Prognostic Relevance of the Peritoneal Surface Disease Severity Score Compared to the Peritoneal Cancer Index for Colorectal Peritoneal Carcinomatosis

1Department of Surgical Oncology, National Cancer Centre Singapore, 11 Hospital Drive, Singapore 169610
2Division of Clinical Trials & Epidemiological Sciences, National Cancer Centre Singapore, 11 Hospital Drive, Singapore 169610

Received 29 August 2015; Revised 12 January 2016; Accepted 13 January 2016

Academic Editor: Perry Shen

Copyright © 2016 Jia Lin Ng et al. This is an open access article distributed under the Creative Commons Attribution License, which permits unrestricted use, distribution, and reproduction in any medium, provided the original work is properly cited.

Abstract

Background. Peritoneal Carcinomatosis Index (PCI) is a widely established scoring system that describes disease burden in isolated colorectal peritoneal carcinomatosis (CPC). Its significance may be diminished with complete cytoreduction. We explore the utility of the recently described Peritoneal Surface Disease Severity Score (PSDSS) and compare its prognostic value against PCI. Methods. The endpoints were overall survival (OS), progression-free survival (PFS), and survival less than 18 months (18 MS).

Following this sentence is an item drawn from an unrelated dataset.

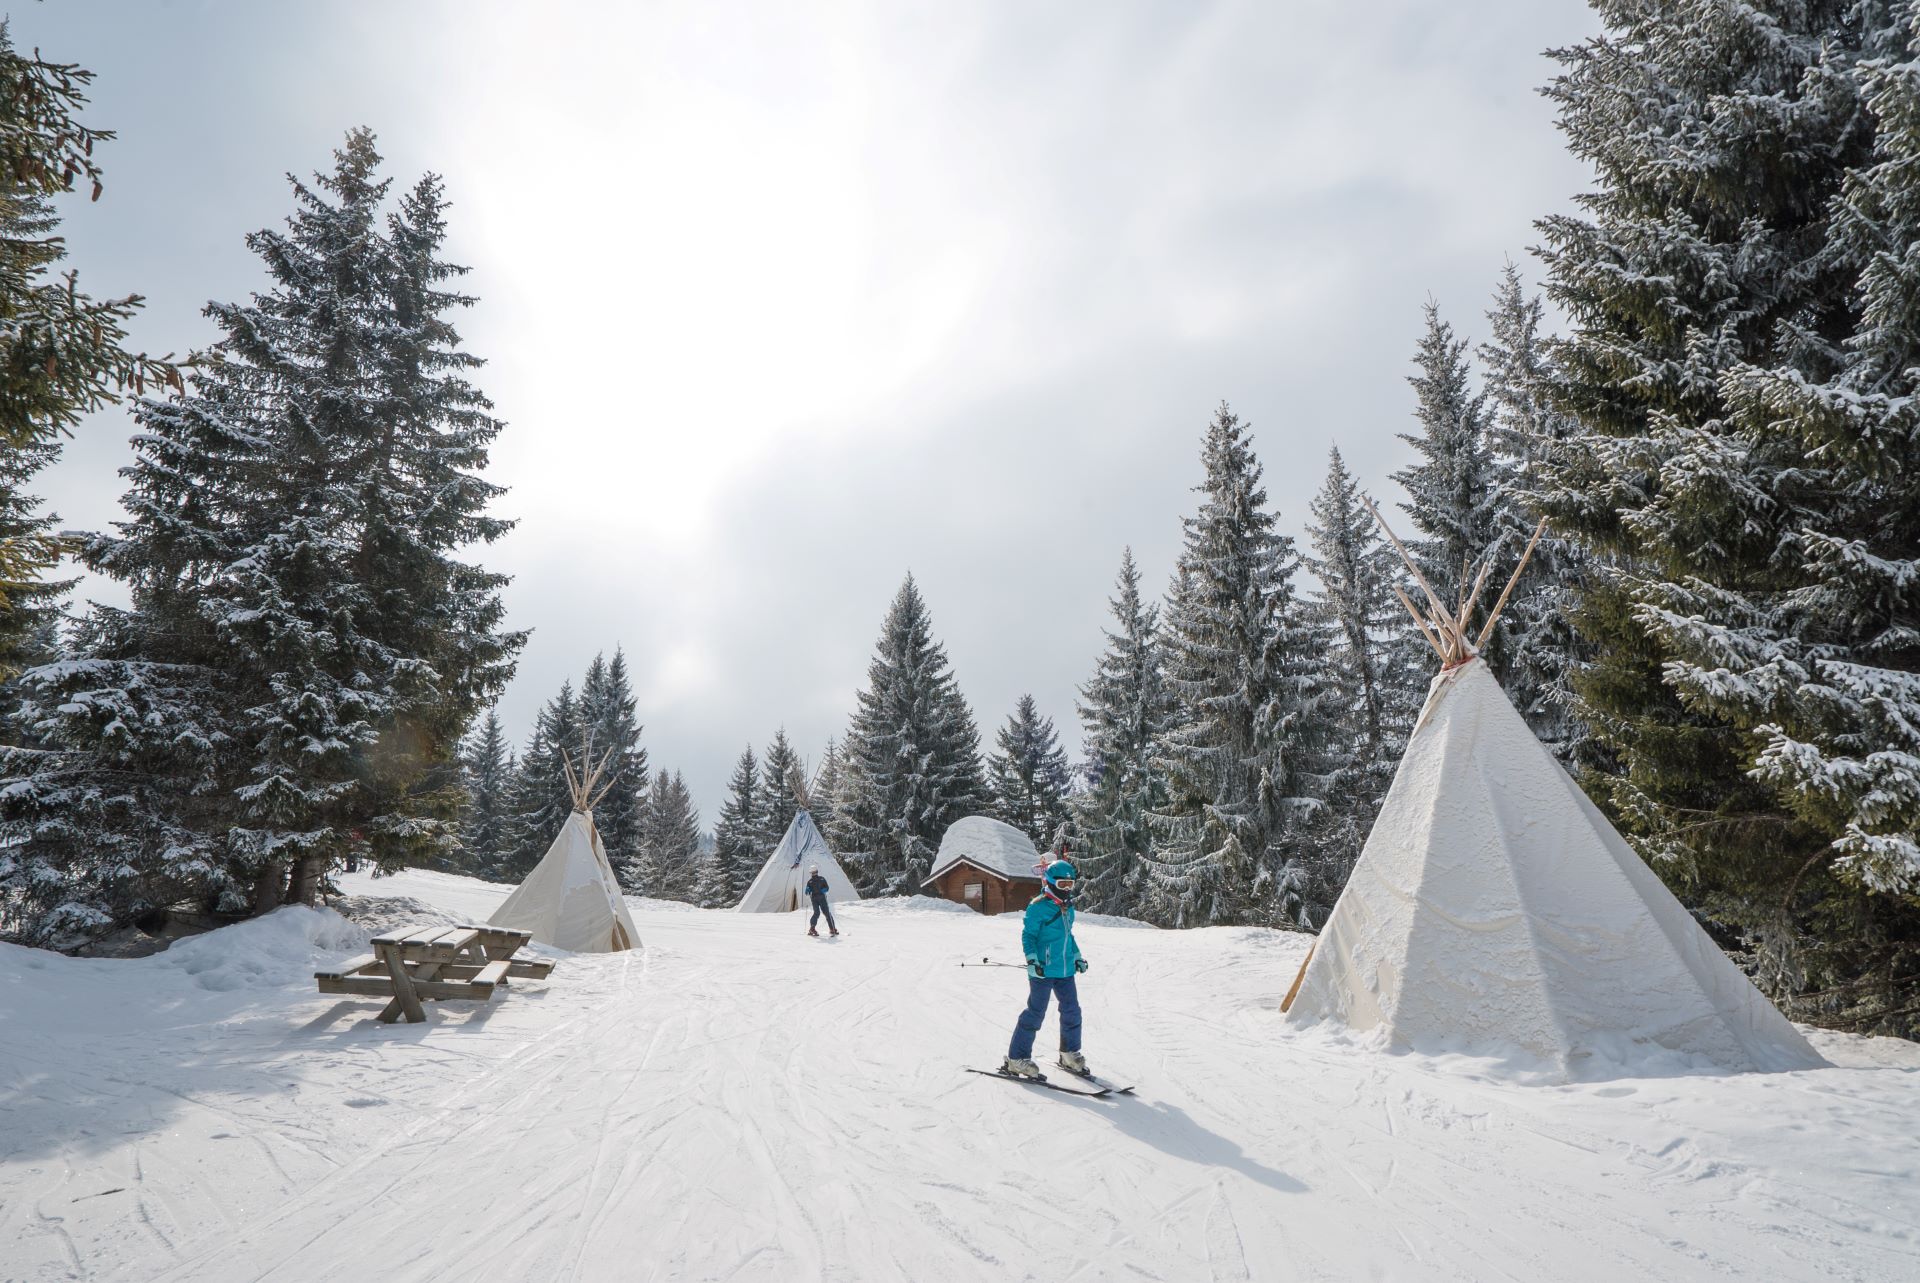 Kids fun zone with tipis in Les Gets (image: Valentin Ducrettet)

Results. Fifty patients underwent cytoreductive surgery and hyperthermic intraperitoneal chemotherapy (CRS/HIPEC) for CPC from 2003 to 2014, with 98% achieving complete cytoreduction. Median OS was 28.8 months (95% CI, 18.0–39.1); median PFS was 9.4 months (95% CI, 7.7–13.9). Univariate analysis showed that higher PCI was significantly associated with poorer OS (HR 1.11; 95% CI, 1.03–1.20) and PFS (HR 1.09; 95% CI, 1.03–1.14). Conversely, PSDSS was not associated with either endpoint. Multivariate analysis showed that PCI, but not PSDSS, was predictive of OS and PFS. PCI was also able to discriminate survival outcomes better than PSDSS for both OS and PFS. There was no association between 18 MS and either score. Conclusion. PCI is superior to PSDSS in predicting OS and PFS and remains the prognostic score of choice in CPC patients undergoing CRS/HIPEC.

1. Introduction

Cytoreductive surgery and hyperthermic intraperitoneal chemotherapy (CRS/HIPEC) have resulted in improved survival outcomes for patients with isolated colorectal peritoneal carcinomatosis (CPC) [14]. Improved operative morbidity and mortality, that is, on a par with liver resections for isolated colorectal liver metastases, have also contributed to the increasing acceptance of this treatment modality [5]. The Peritoneal Cancer Index (PCI) and Completeness of Cytoreduction (CC) scores, as described by Jacquet and Sugarbaker [6], aid in predicting postoperative survival outcomes. However, in the presence of optimal cytoreduction regardless of PCI score, one wonders if the prognostic significance of PCI may be rendered irrelevant.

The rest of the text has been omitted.